Spinach & Ricotta Phyllo Braid with Lemon Thyme Honey Glaze
Ingredients
For the filling
• 10 oz fresh spinach (or 1 cup frozen, thawed and squeezed dry)
• 1 cup ricotta cheese
• ½ cup crumbled feta cheese
• 1 egg
• 2 cloves garlic, minced
• ¼ tsp salt
• ¼ tsp black pepper
• ¼ tsp nutmeg (optional)
For the phyllo braid
• 8–10 sheets phyllo dough, thawed
• ⅓ cup melted butter or olive oil (for brushing)

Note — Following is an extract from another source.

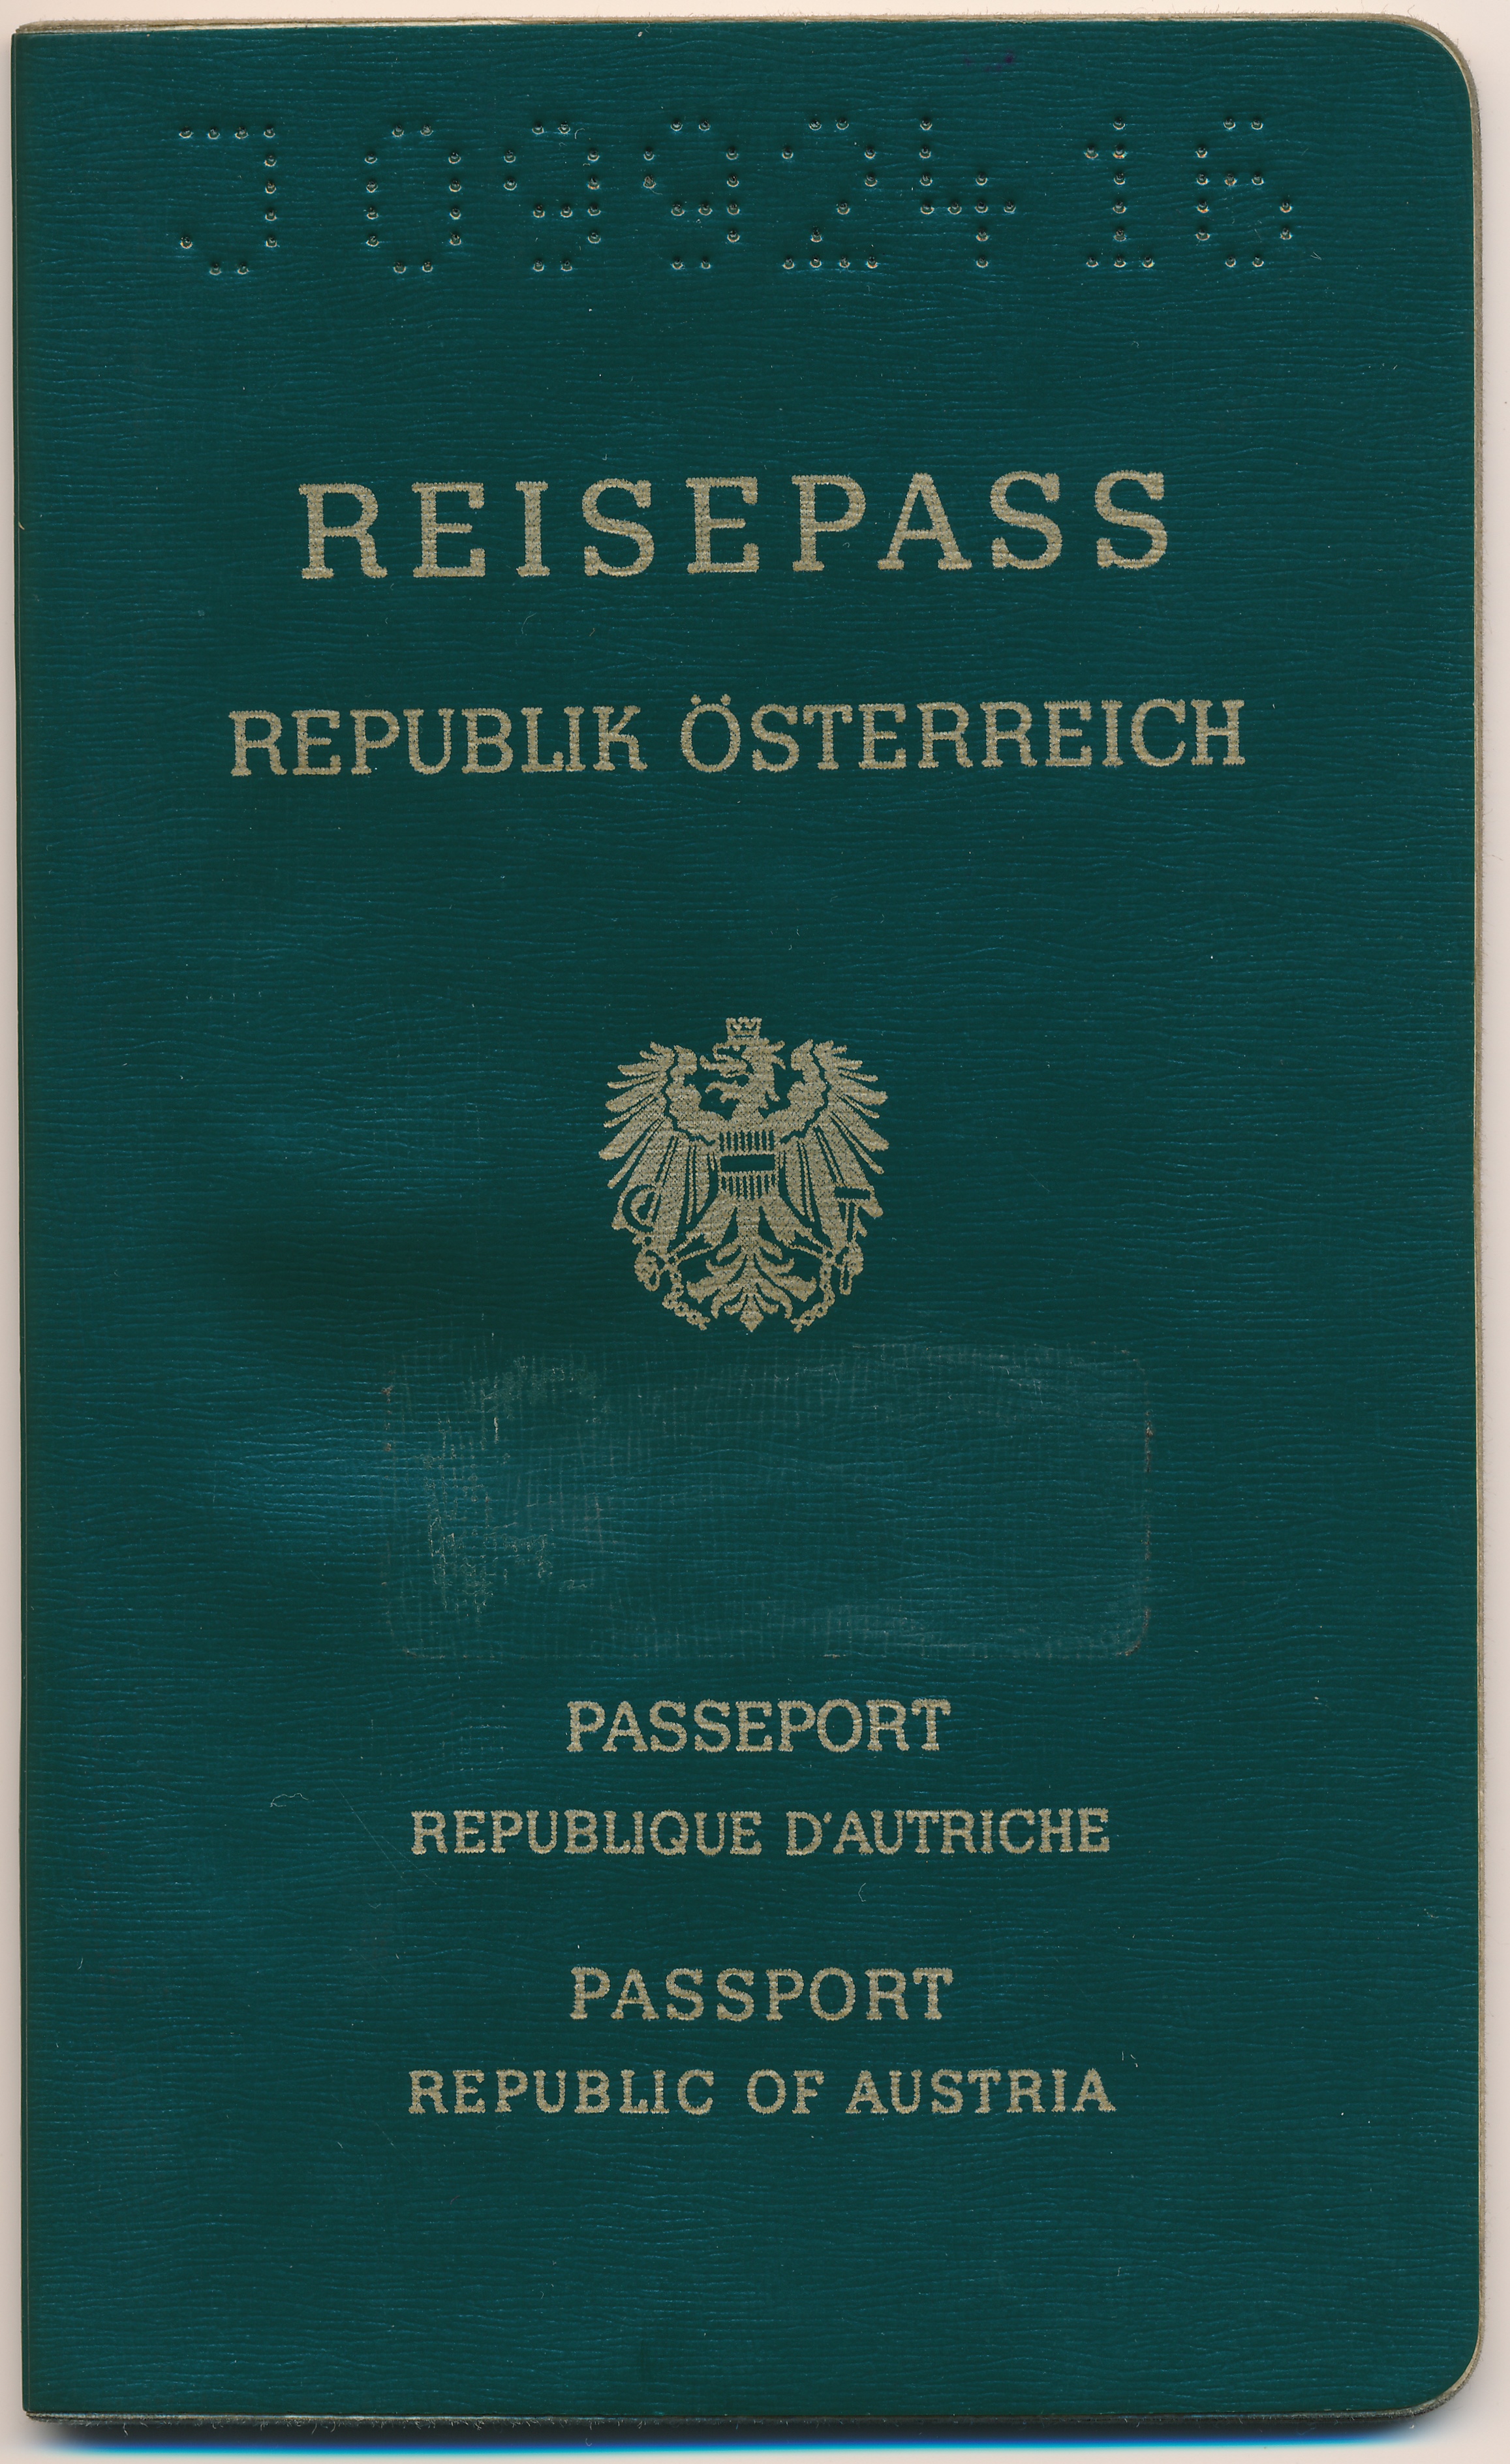 File Old Passeport Austria Reisepass Republick Osterreich 1980 Jpg Wikimedia Commons

For the lemon thyme honey glaze
• 3 tbsp honey
• 1 tbsp fresh lemon juice
• 1 tsp lemon zest
• 1 tsp fresh thyme leaves (or ½ tsp dried)
Instructions
Preheat oven to 375°F (190°C). Line a baking sheet with parchment paper.
If using fresh spinach, sauté in a dry pan until wilted. Let cool, then squeeze out excess moisture and chop finely.
In a bowl, mix spinach, ricotta, feta, egg, garlic, salt, pepper, and nutmeg until well combined.
Lay one sheet of phyllo on a clean surface and brush lightly with melted butter or olive oil. Place another sheet on top and brush again. Repeat until you have 4–5 layered sheets.
Spoon the spinach-ricotta mixture lengthwise down the center of the phyllo stack.
Using a sharp knife, cut diagonal strips along both sides of the filling.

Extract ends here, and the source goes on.